In some embodiments, the gene is expressed in two or more tissues in the subject. The gene may be uniformly expressed or overexpressed across two or more tissues in the subject. In some embodiments, the gene is delivered to at least 50% of tissues in the subject, and in some embodiments, is expressed for at least 4 months in the subject.
Also disclosed herein is a viral vector delivery system comprising two or more AAV serotypes engineered for delivery of a single gene, a non-silencing promoter, at least one miRNA target site, the gene, and optionally a self-complementary backbone.
In some embodiments, the AAV serotypes are AAV9 and PHP.eB. In some embodiments, the gene is selected from the group consisting of Cisd2, Atg5, and PTEN, and preferably is Cisd2.
Methods of treating a disease or disorder, e.g., Wolfram Syndrome II, are also disclosed herein, comprising administering to a subject the viral vector delivery system disclosed herein.
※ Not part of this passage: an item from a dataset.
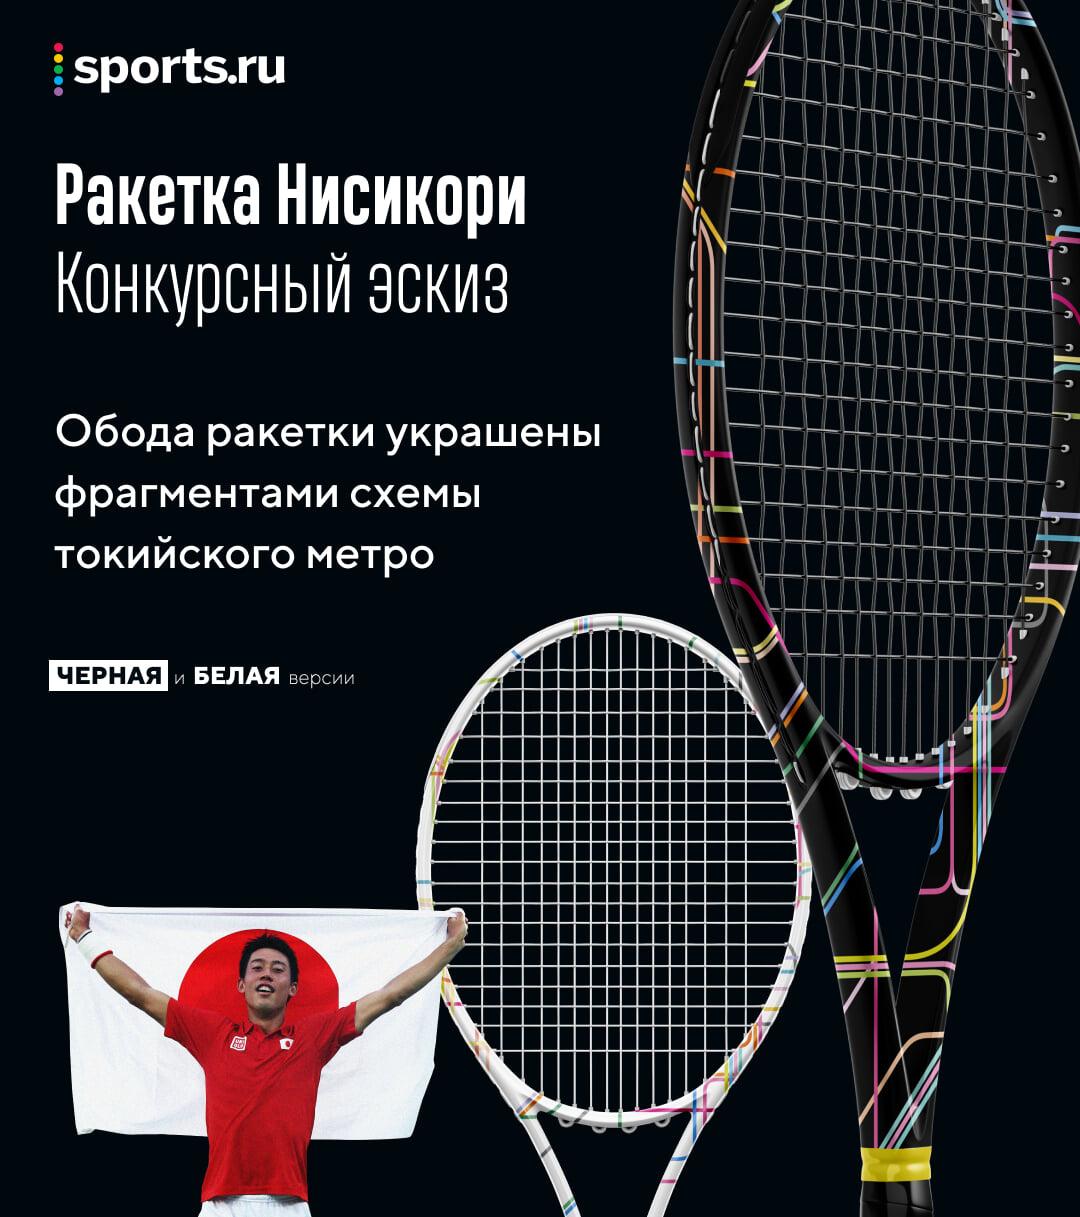 Sports.ru придумал ракетку для Кеи Нисикори. Она отсылает к схеме токийского метро

Also disclosed herein are methods of extending the lifespan of a subject. For example, lifespan may be extended by administering the viral vector delivery system described herein or a pharmaceutical composition comprising the viral vector delivery system described herein (e.g., a viral vector delivery system comprising at least one, at least two, at least three, at least four, or more viral serotypes engineered for delivery of a single gene).
Further described herein are methods of treating Wolfram Syndrome II comprising administering an effective amount of Cisd2 to a subject suffering from Wolfram Syndrome II.
In some embodiments, Cisd2 is administered to the subject via gene therapy, e.g., via a viral vector delivery system or any other gene therapy known to those of skill in the art. In some embodiments, the viral vector delivery system comprises at least one viral serotype, at least two viral serotypes, at least three viral serotypes, at least four viral serotypes, at least five viral serotypes.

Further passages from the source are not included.